Furthermore, only nursing staff members were addressed in this study to evaluate LTC quality and quantity. However, further analyses of patient responses based on our comprehensive Care4PD patient survey (Fründt et al., 2021; Fründt et al., 2023a,b) are expected soon (work in progress). Assessments of caregivers would also be an interesting prospect.

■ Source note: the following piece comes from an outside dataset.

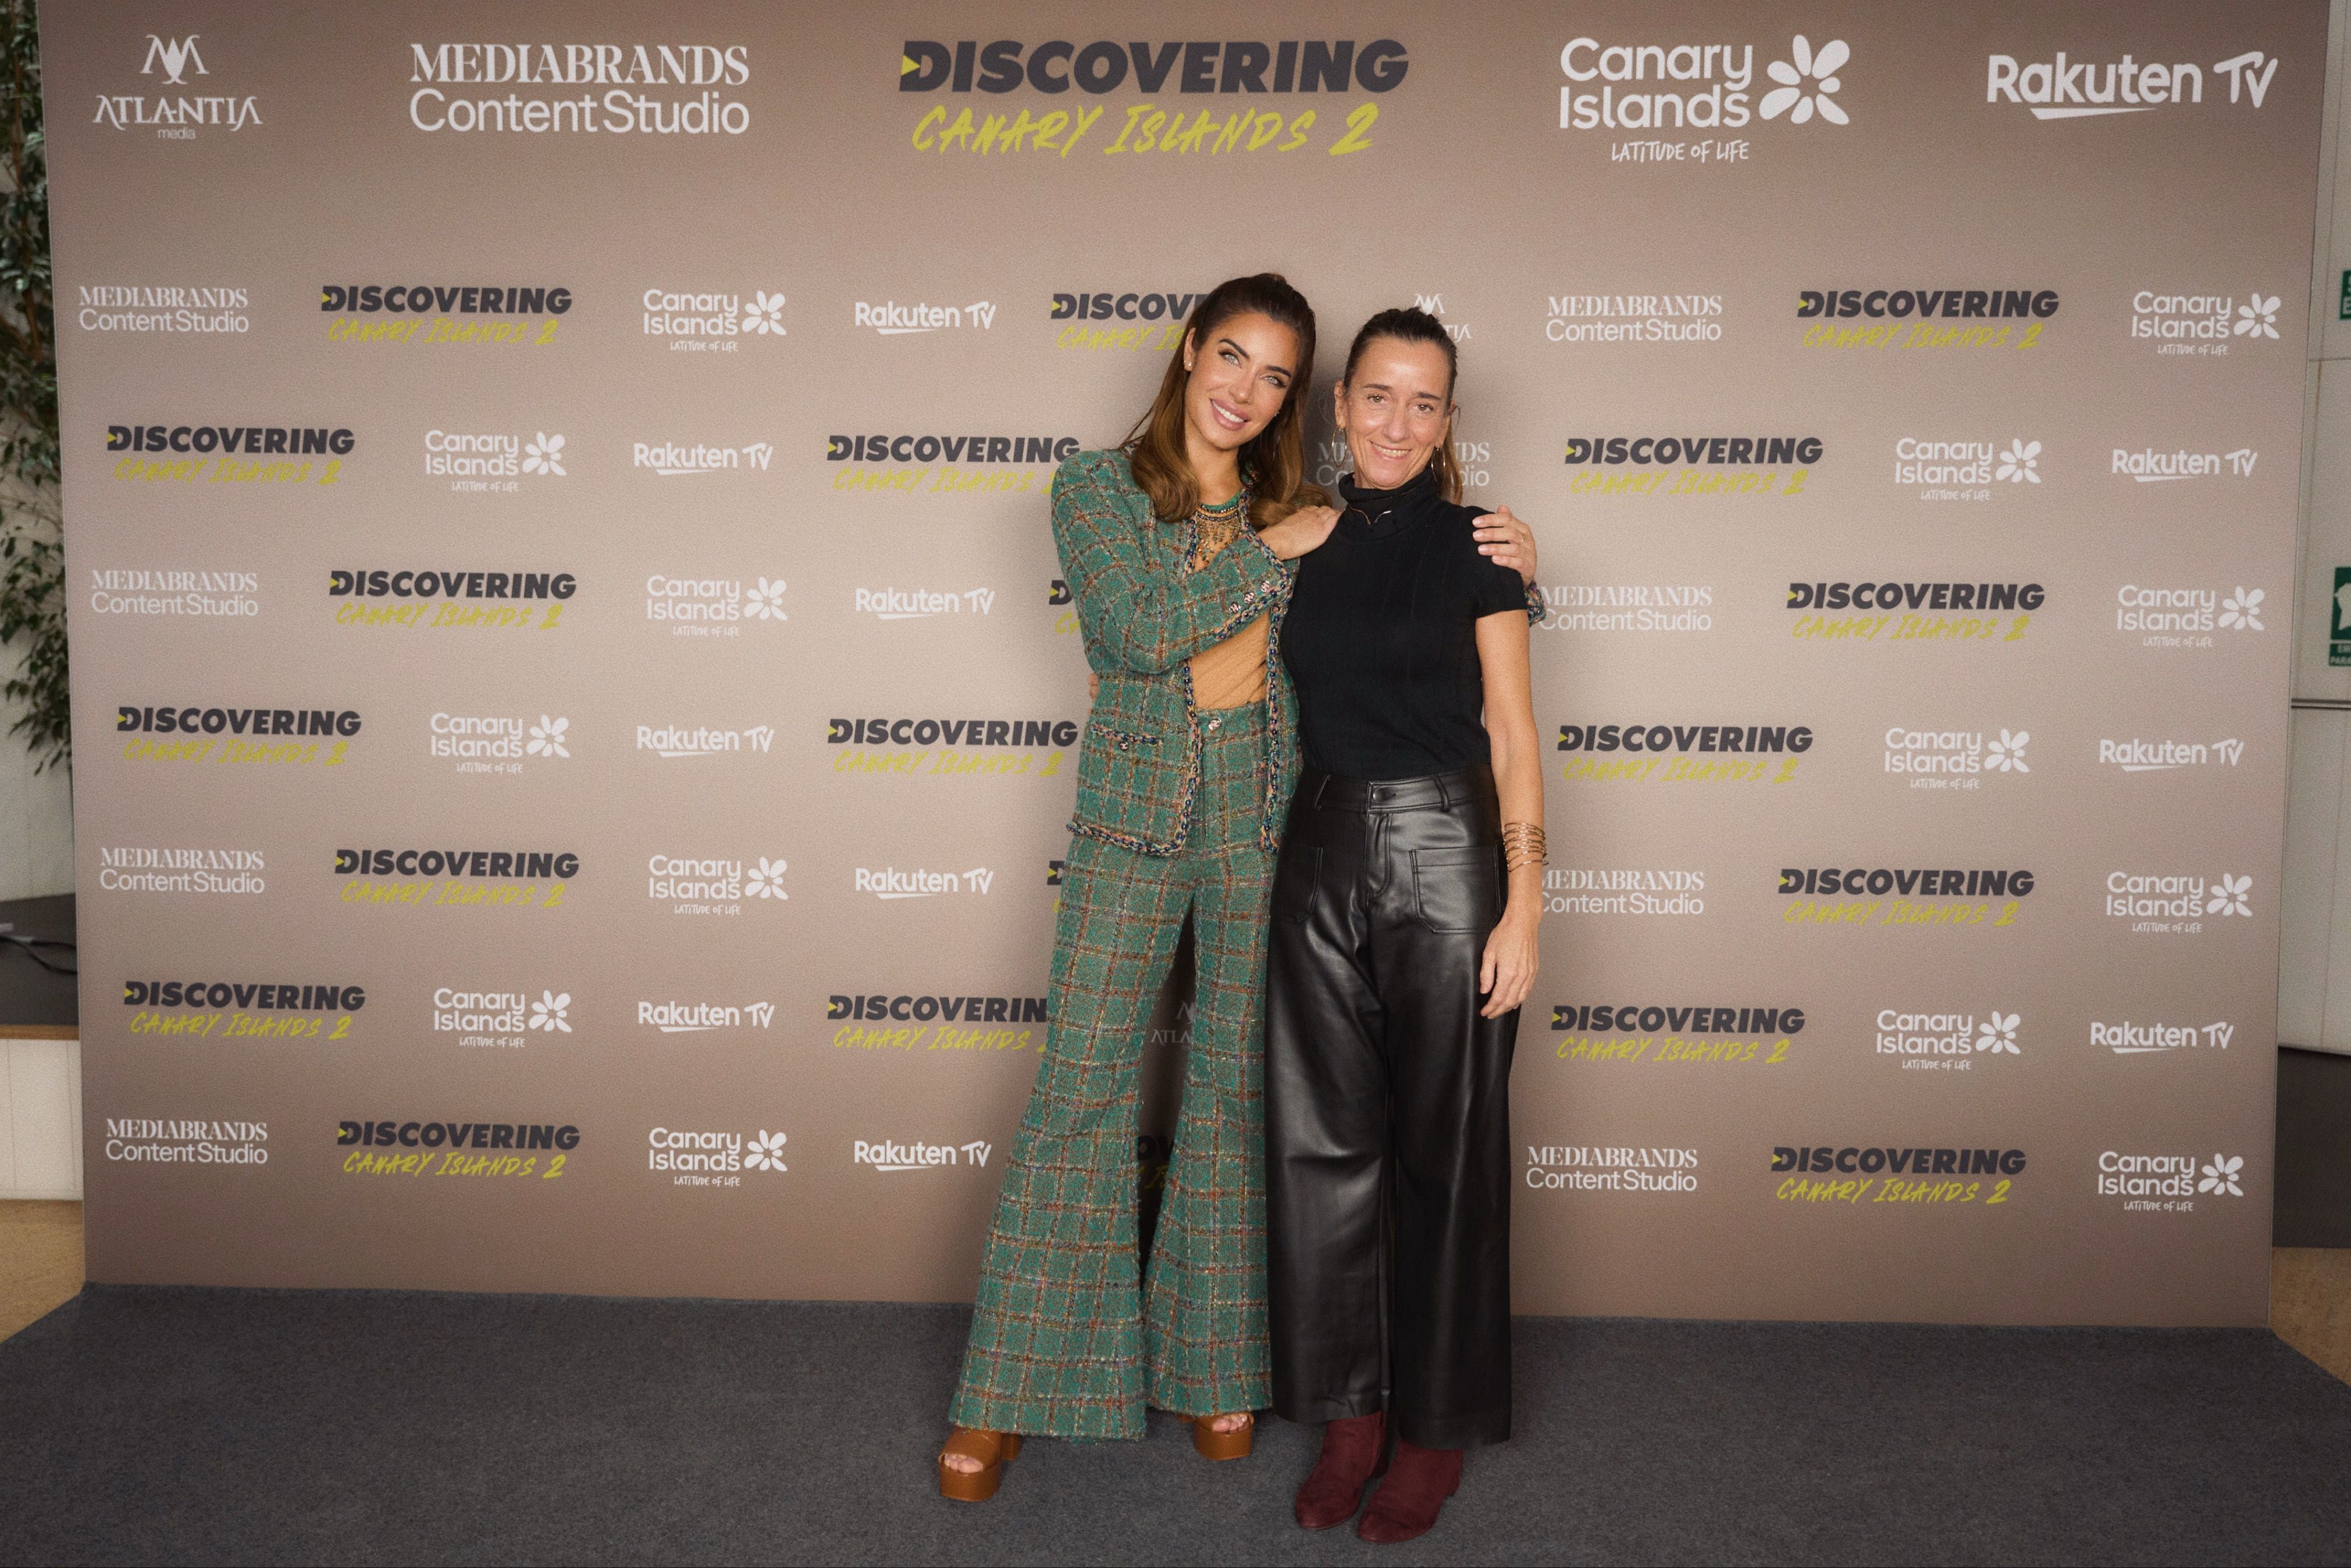 La presentadora de 'Discovering Canary Islands', Pilar Rubio, y la directora de proyectos de marketing y comunicación de Turismo de Canarias, Elena González Vázquez.

Another limitation that could influence study results might be the poor experience and knowledge of nursing staff regarding PD. The latter finding is in line with the findings of previous studies in hospital nurse settings (Chenoweth et al., 2013) and also with other primary healthcare providers, such as general practitioners, who similarly show notable PD knowledge gaps (Thompson et al., 2013), suggesting that multidisciplinary education programs should also be considered (Lennaerts-Kats et al., 2022; Fornes-Romero et al., 2024).
Conclusion
5
Data from nursing staff members indicated that PwP are supported by LTC nursing staff on a regular basis. However, personnel and time resources are low, with sparse and frequently changing nursing staff, although relatively stable permanent contact partners exist. Care quality was rated as only moderate, with 10% of care reported as unsafe and leading to avoidable complications. This highlights a care situation that requires improvement. The expertise of nursing staff with respect to PD is rather low, especially regarding PD therapies and the existing advanced training options (e.g., PD nurses); however, the interest in such training options was rated as high.
In addition to analyzing the special needs of PwP in LTC and providing more personnel and time resources in general, encouraging more expertise in LTC nursing staff through training could help to optimize the care situation of PwP who require LTC.